New types of work and returning to teaching
Work at that point was with youth at risk. She interacted with kids who were living on the streets, listened and did her best to help them be safe. When that role concluded she went on to teach adults with developmental disabilities necessary life skills.
“Every day was a joy with them, their excitement hardly contained,” she says.
Then, Suzanne’s life shifted again, and she and her husband found themselves taking over a college. She wrote the Educational Assistant program and for seven years taught it to students who could go out and be the positive force in the world Suzanne herself wanted to see. He students were sought out because of the education and skills they had acquired.
“I am happy to say this program was the first of its kind in the private post-secondary world,” she says.
She taught the program until 2016 – the last four years through an institution that had obtained her college – then found Ashton College. She wrote Ashton’s Education Assistant program and taught the first classes in 2017. While things went on relatively smoothly, in 2020, COVID had other plans in mind.
COVID and human services education
With more than 30 years of working in the human services field, Suzanne found herself making quick decisions to ensure students in her classes and those who needed Education Assistants wouldn’t be left behind in the pandemic. She had been teaching in an in-class environment for 16 years, but found herself moving to the online environment like many others.
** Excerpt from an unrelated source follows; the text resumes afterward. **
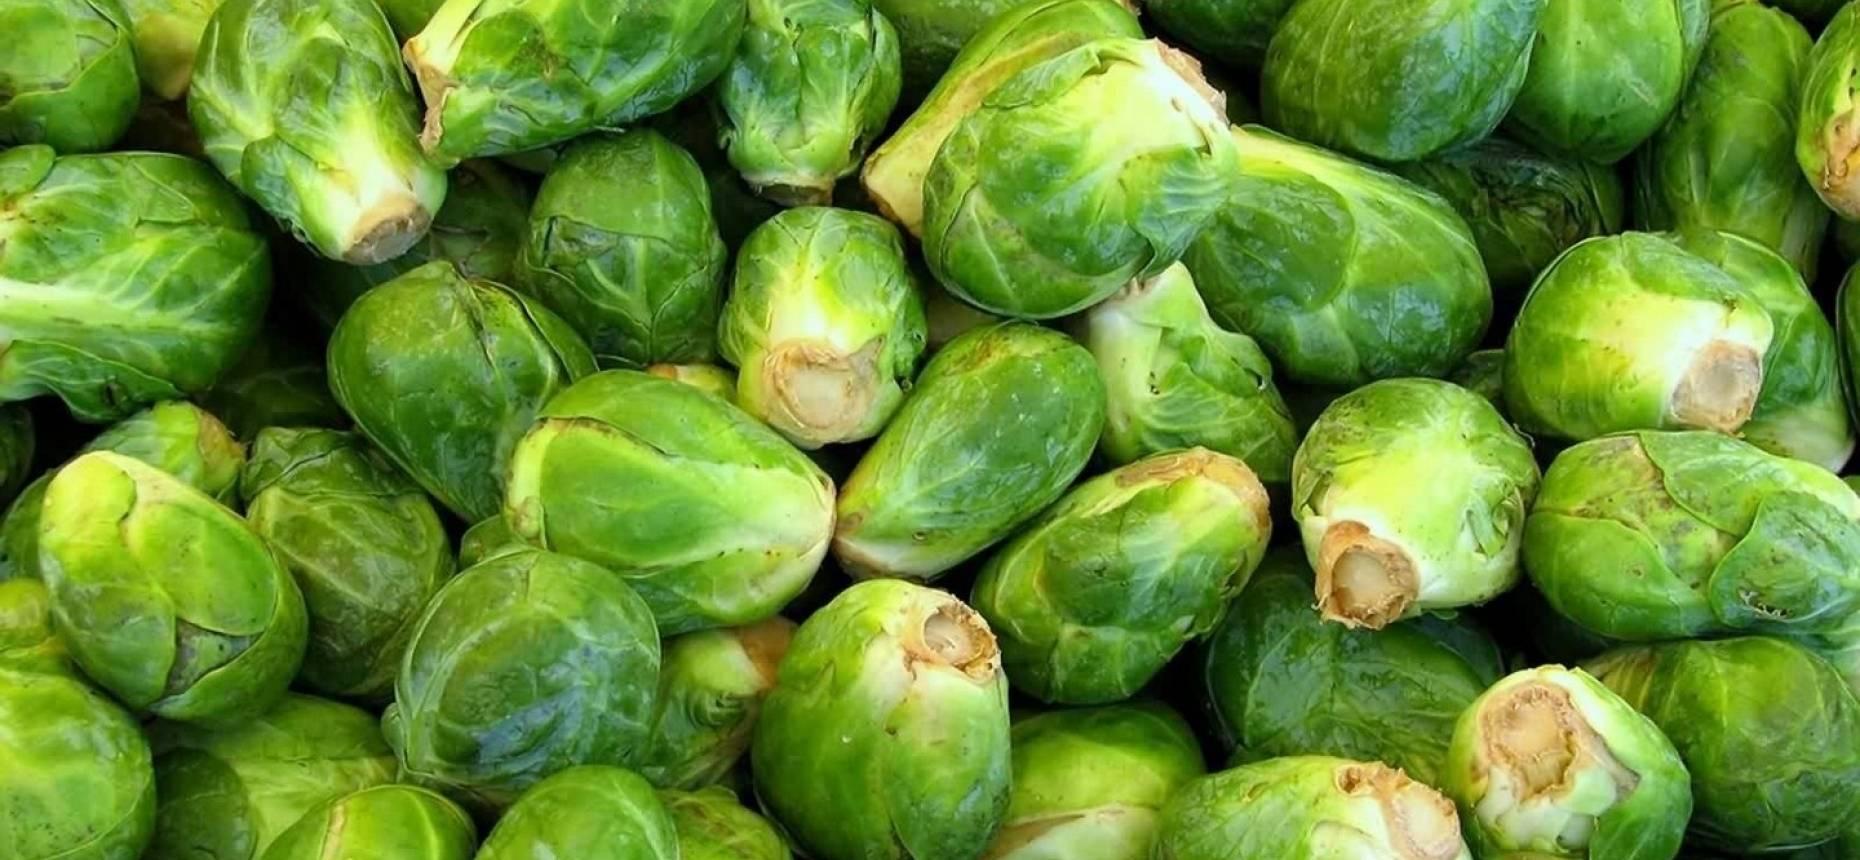 Брюссельская капуста: польза и вред, лечебные свойства для организма человека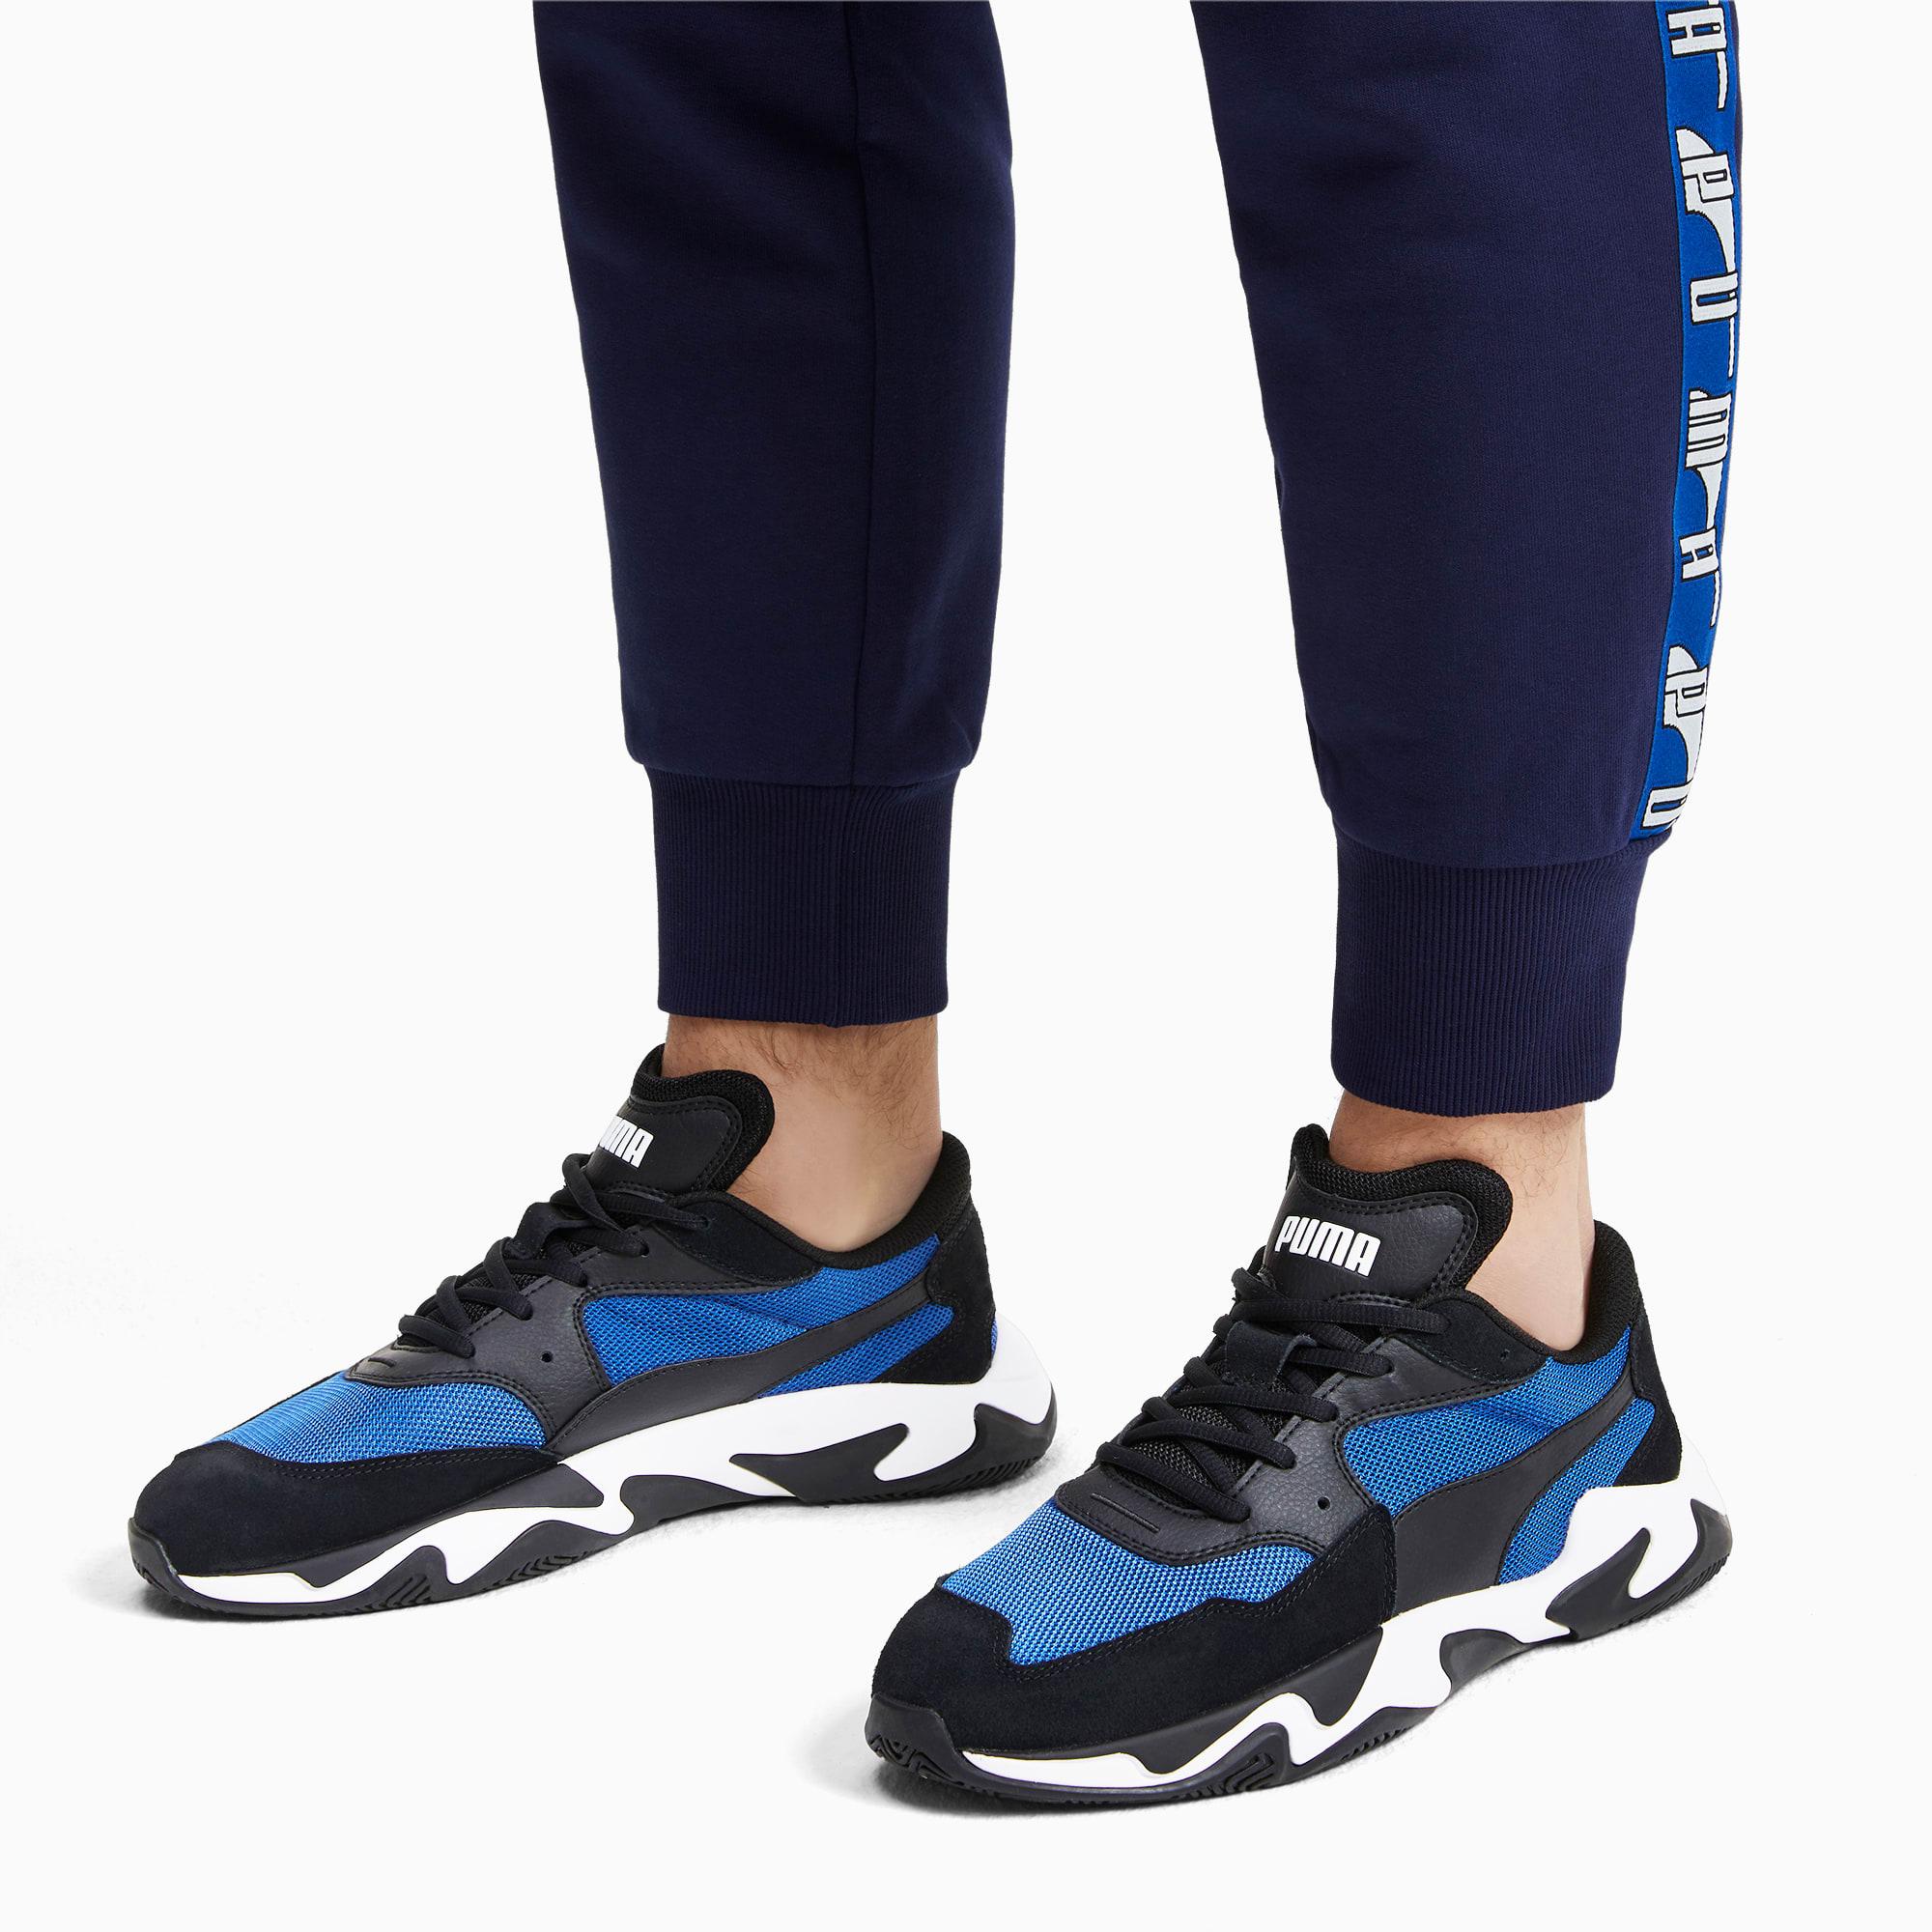 Storm Adrenaline Sneakers

Ashton College’s online education platform, LIVE Online, made sure the tools were already in place to make it possible. She was able to take her students out of their in-person environment into a virtual classroom space and keep their education moving forward. While the government was advising Canadians and British Columbians on how to best stay safe, Suzanne felt like she needed to keep teaching while helping her students stay safe as well.
“I needed to allow my students, who were now staying home, to feel that level of safety with their education,” she says. “I am glad that the support I have received from everyone at Ashton College has been there. Monthly, weekly, daily, hourly, whenever it has been needed, I’ve had it.”
She says the transition was relatively easy; it was something she and her students did together and found a greater connection in doing so.
“With support from Ashton College, I can continue to challenge myself as an instructor and model flexibility and resiliency to my students,” she says. “My students were able to continue their studies without interruption.”
While Suzanne is devoted to her current students, she also stays in contact with past graduates of her programs to celebrate their joys and lend an ear to the struggles.
“They are forever in my heart,” she says.
As the Education Assistant course continues online and the Community Support Worker program joins it within our LIVE online platform, we will be able to offer these programs and Suzanne’s experience, to students who want flexible learning options. Without Suzanne’s knowledge and guidance, this wouldn’t be possible. Teachers like her make Ashton the school it is today.